Innovation – what, why and how for a UN organisation

The purpose of innovation is to make humanitarian work more effective and more reflective. We do innovation to improve human lives by doing things better. Innovation, for UNHCR, is a humanitarian imperative to be carried out with partners.

As practised at UNHCR, innovation is a strategy for change and for problem solving that relies on new modalities and products and that seeks to benefit from the ‘minds of many’ (with the ‘many’ drawn from both inside and outside the organisation). So let me offer a definition of innovation as ‘dynamic problem solving with friends’.

In a world of tens of millions of persons displaced by violence, we need to constantly challenge ourselves to think in new ways to maximise the impact of our life-saving and life-sustaining efforts. Innovation can also help us mobilise resources for our work to the extent it produces better delivery and introduces efficiencies. Lastly – and this value should not be underestimated – innovation within an organisation can improve esprit de corps; staff take pride in belonging to an innovating organisation and, if encouraged, will contribute their creativity in ways that advance the organisation’s mission.

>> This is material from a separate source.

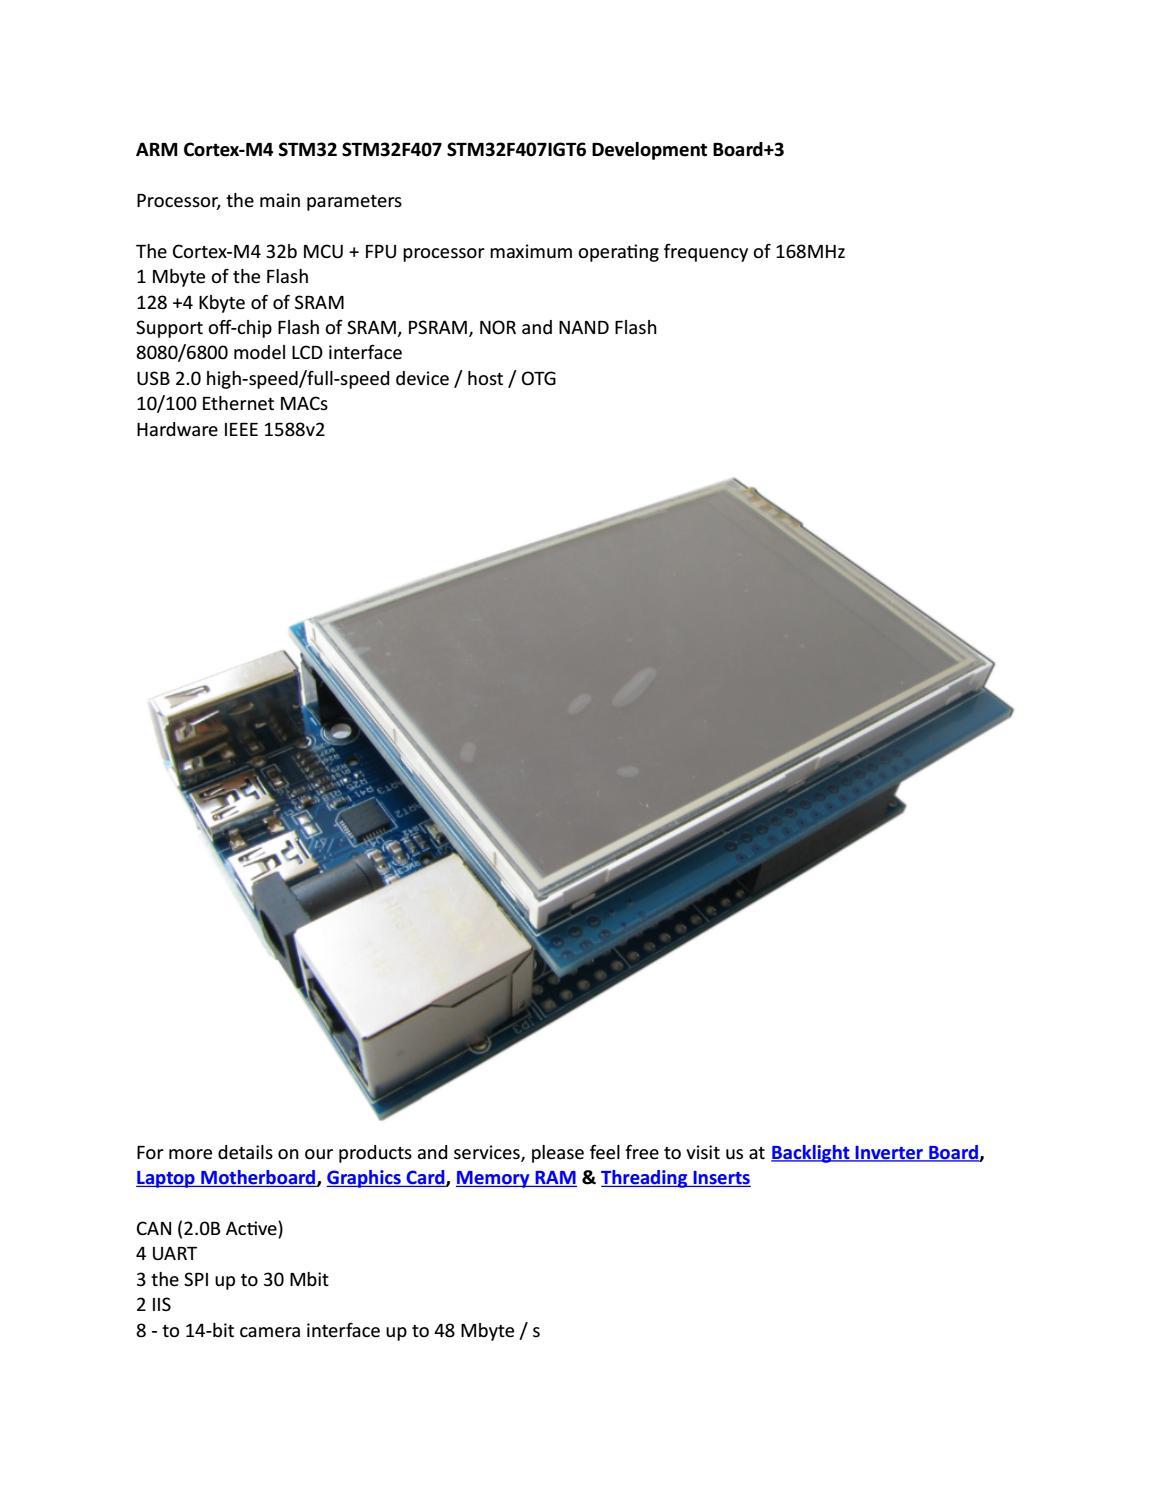 ARM Cortex-M4 STM32 STM32F407 STM32F407IGT6 Development

How does an organisation think differently with friends? From our experience at UNHCR, there are several crucial elements. First, innovation requires executive-level support; staff need to know that they will be rewarded, not punished, for thinking about new ways to do our work. Second, organisational innovation will need, at least at the start, dedicated additional funding. One cannot expect the development and deployment of new ways of working if we ask our organisational units to do it while they are doing everything else we are asking them to do. At UNHCR, our Innovation Team has been effective at raising funds from the private sector and individual donors – and I would suggest that other UN organisations can do the same: outside funders are eager to support efforts by the UN that foster innovation. Third, an organisation needs to create safe spaces and reserved time for innovation to take root. We have done this at UNHCR by establishing a cadre of staff in the field – we call them iFellows – who are given time by their supervisors to pursue defined innovation projects, overseen by the headquarters-based Innovation Team. Fourth, successful innovation requires partners (the ‘many minds’) – academic, UN organisations, private sector and foundations – who can provide an outsider perspective, new ideas and, perhaps, funding.

Inside the organisation

Large bureaucratic organisations are by nature hostile to innovation. They have established ways of doing things, set forms of funding and budgets that are committed to on-going projects, and well-understood avenues for career advancement for staff that tend to reward those who support the existing culture and corporate practices. And yet in saying this, I am glad to report that I have found in every operation at UNHCR that I have visited staff who are experimenting with new ways of working – they just don’t tell headquarters about it! As stated above, there needs to be a clear message from the top that field-based innovation will be fostered and supported, not squashed.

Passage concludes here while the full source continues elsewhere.